The request retrieves data from node_guid 0x5255456, specifically in port number 2, with the request counter set to hist0.

Example 2:

Copy
Copied!
            

gnmic -a localhost:9339 --insecure get --path nvidia/ib/guid[guid=*]/port[port_number=*]/amber/port_counters/hist0

The request retrieves the data from all the ports and the node_guids, with the request counter set to hist0.

Example3:

Copy
Copied!
            

gnmic -a localhost:9339 --insecure get --path nvidia/ib/guid[guid=0x5255456]/port[port_number=2]/amber/*

The request retrieves the data from node_guid 0x5255456, port 2, with the request counters set to "all".

Example for multi path:

Copy
Copied!
            

gnmic -a localhost:9339 --insecure get nvidia/ib/guid[guid=*]/port[port_number=*]/amber/CableInfo.transmitter_technology --path nvidia/ib/guid[guid=*]/port[port_number=*]/amber/sel_gctrln_en_5_lane0 --path nvidia/ib/guid[guid=*]/port[port_number=*]/amber/num_plls_7nm --path nvidia/ib/guid[guid=*]/port[port_number=*]/amber/rcal_fsm_done --path nvidia/ib/guid[guid=*]/port[port_number=*]/amber/LinkErrorRecoveryCounterExtended --path nvidia/ib/guid[guid=*]/port[port_number=*]/amber/sel_enc2_ib0_lane2 --path nvidia/ib/guid[guid=*]/port[port_number=*]/amber/lockdet_err_cnt_unlocked_sticky

Response Example:

Copy
Copied!
            

[{     "source": "localhost:9339",     "timestamp": 1719232374915165166,     "time": "2024-06-24T15:32:54.915165166+03:00",     "updates": [{         "Path": "nvidia/ib/amber/reply",         "values": {           "nvidia/ib/amber/reply": {             "Headers": ["timestamp","Node_GUID","Port_Number","CableInfo.transmitter_technology","sel_gctrln_en_5_lane0","num_plls_7nm","rcal_fsm_done","LinkErrorRecoveryCounterExtended","sel_enc2_ib0_lane2","lockdet_err_cnt_unlocked_sticky"],             "Values": [               "1719232345757948,0x91f87bf42deb3e03,1,5091,7826,6290,8615,4247,8586,6214",               "1719232345757948,0x7b8c2e08907250ce,1,2891,3293,5774,4398,3681,3548,7408",               "1719232345757948,0x48b60e6f3670eaca,1,9477,3847,1184,5527,4783,2102,8192",               "1719232345757948,0xabccdad7f8a3eda6,1,7976,6143,8257,3770,6166,6690,2835",               "1719232345757948,0x6d9ec4bb5fa45736,1,9051,2982,7145,3604,9256,1061,2638",               "1719232345757948,0x028cf9e0f9ed7c32,1,5623,7483,2263,2265,6890,4875,5564",               "1719232345757948,0x92a984c1a491b72a,1,6732,7795,6411,8569,3370,705,5536",               "1719232345757948,0x8b4b404acd2f34da,1,7610,7128,10064,1880,4834,3411,6724",               "1719232345757948,0x20f92ed58991d56c,1,6805,1632,5407,2038,1865,7279,8350",               "1719232345757948,0x1dac004a426bb5f5,1,8351,5757,7925,6181,3260,3081,1554"             ]           }}}]}]

Subscribe Stream Request

The Subscribe request, similar to the get request, provides data from the specified path.
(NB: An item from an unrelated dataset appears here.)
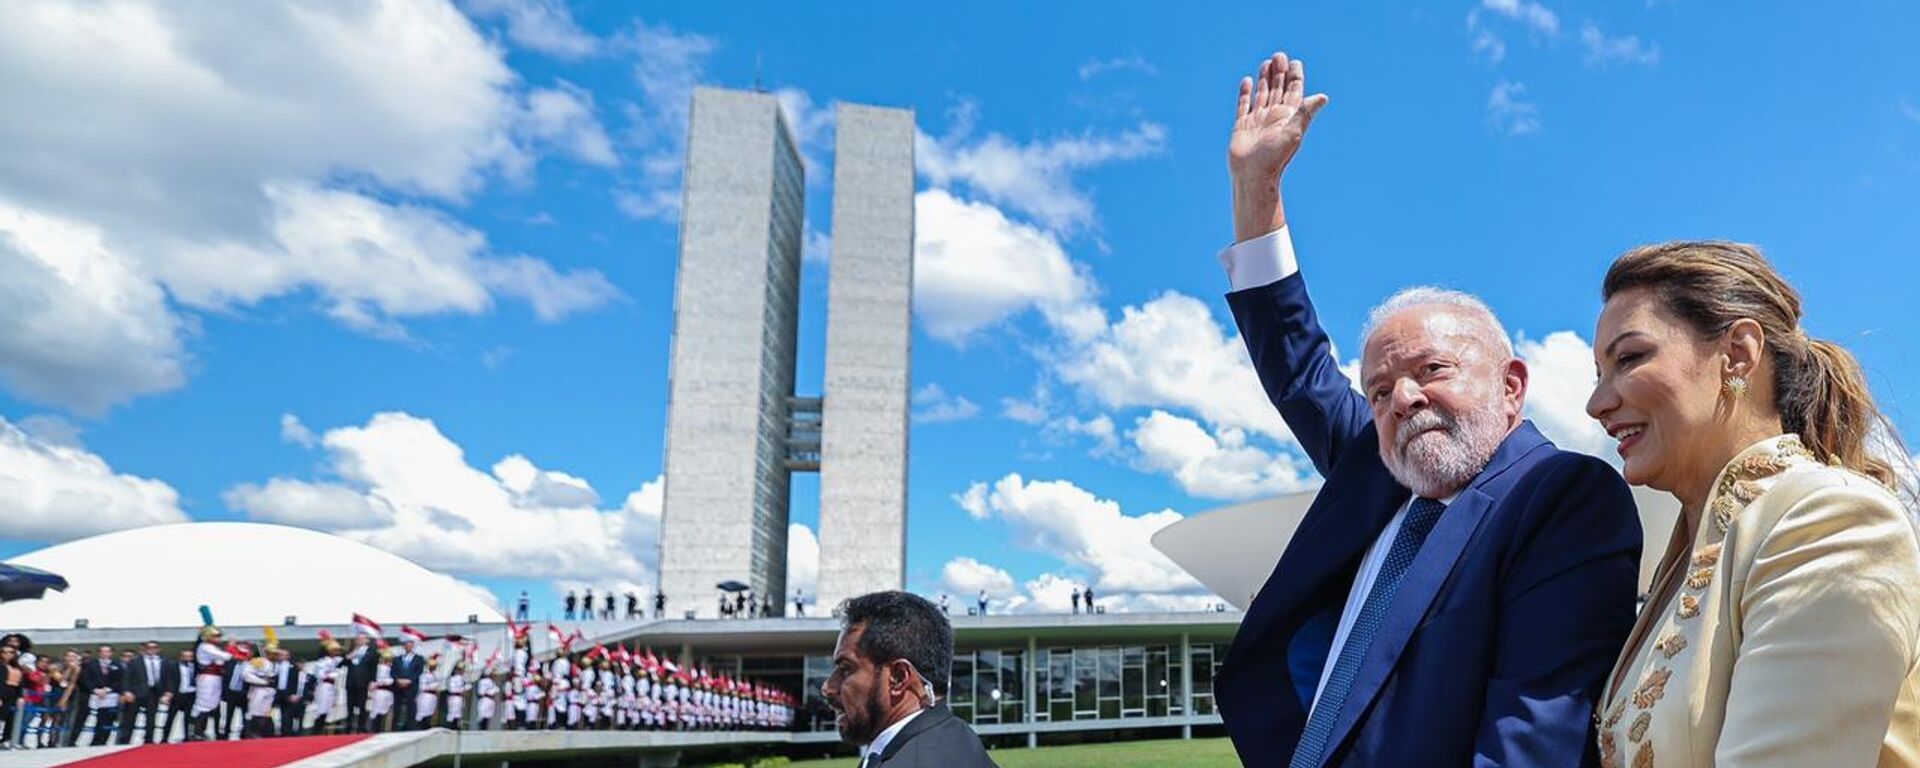 O presidente Luiz Inácio Lula da Silva (PT) acena para apoiadores em frente à rampa do Palácio do Planalto, em Brasília (DF), durante cerimônia de posse, no dia 1º de janeiro de 2023 (foto de arquivo) - Sputnik Brasil, 1920, 02.01.2023

When the telemetry is empty, the server responds with an empty result. If data is available, the server responds with the located counters. The stream delivers information at the specified interval. If no interval is specified, the server transmits the information at the minimum server rate, which is configurable and defaults to every 10 seconds.

Example:

Copy
Copied!
            

gnmic -a localhost:9339 --insecure sub --path nvidia/ib/guid[guid=0x5255456]/port[port_number=2]/amber/port_counters/hist0 -i 30s

This request retrieves data from the node_guid 0x5255456, port 2, where the request counter is hist0, and the interval is configured for 30 seconds. If the user wishes to test the stream, the stream mode can be configured to "once," and following a single response, the stream will be stopped.

Example:

Copy
Copied!
            

gnmic -a localhost:9339 --insecure sub --path nvidia/ib/guid[guid=0x5255456]/port[port_number=2]/amber/port_counters/hist0 -i 30s --mode once

This request retrieves the data from node_guid 0x5255456, port 2, where the request counter is hist0. The stream shuts down after one response, similar to a Get request.

Example:

Copy
Copied!
            

gnmic -a localhost:9339 --insecure sub --path nvidia/ib/guid[guid=*]/port[port_number=*]/amber/* -i 10s

The server responds for the first two notifications, as follows:

Copy
Copied!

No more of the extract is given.